If you do what you love, you’ll never work a day in your life… probably because it’s not much of a job and it won’t pay the bills.

Sorry, I’m that 9-5er rushing home to clean stalls and train one horse, and you know what, I’m still progressing, and so are the horses. When every minute counts, you can be extremely productive in training and in life. It’s not the end of the world.

Funny its the “ammy with the job” that has more time, money and fewer restrictions-- all the pros I know are too busy and broke to do much with their own horses…

JMHO. I can spend 4 hrs a night with my one horse… can most professionals do that? not likely. I don’t have any desire or wish to be a pro or compete other peoples’ horses.

Sure, I have to carefully manage my time and money, but so does everyone else.

[QUOTE=Sancudo;9011488]
If you do what you love, you’ll never work a day in your life… probably because it’s not much of a job and it won’t pay the bills.

Sorry, I’m that 9-5er rushing home to clean stalls and train one horse, and you know what, I’m still progressing, and so are the horses. When every minute counts, you can be extremely productive in training and in life. It’s not the end of the world.[/QUOTE]

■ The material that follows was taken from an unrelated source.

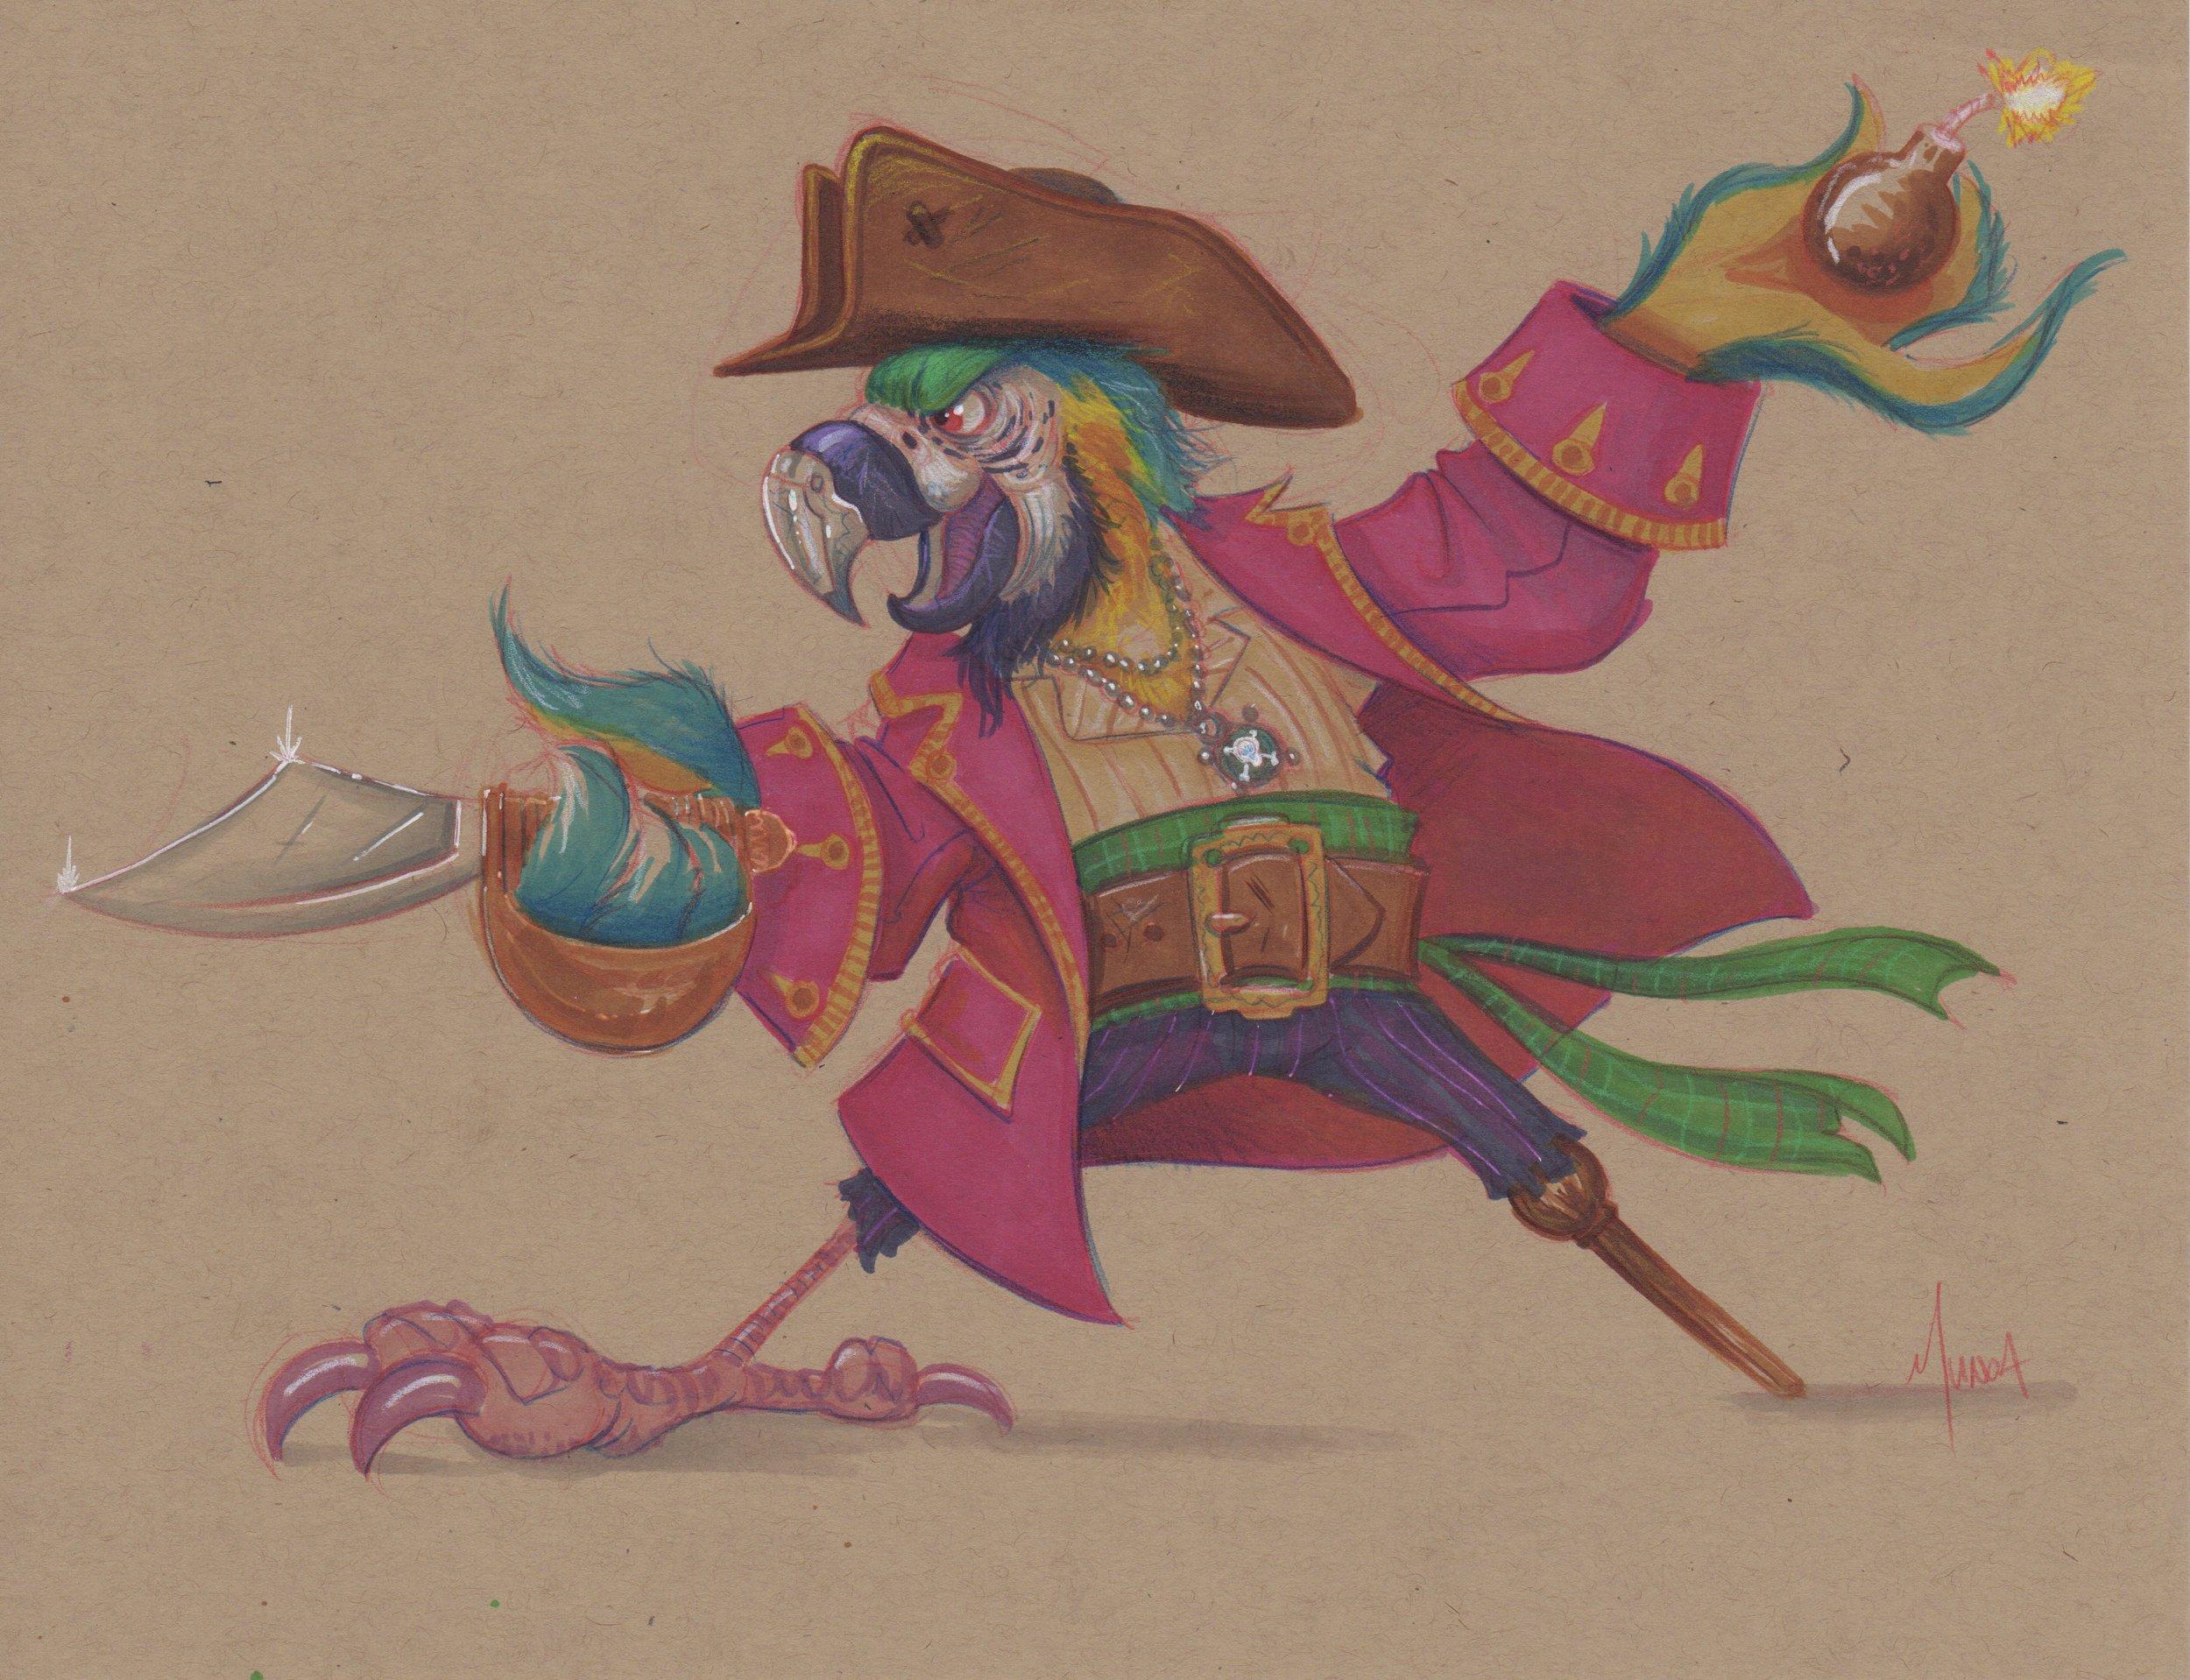 macaw-pirate_sketch.jpeg

This is probably not even in the OP’s mind right now, but you reminded me - OP, it’s important to remember that most of the 9-5’ers have retirement, health insurance, and savings. Most (nearly all) the equine pros I know have very little saved and no retirement. There is no sick pay, no paid vacation, and no weekends off. Regular jobs aren’t THAT bad, and nowhere does it say you must only work jobs doing things you LOVE.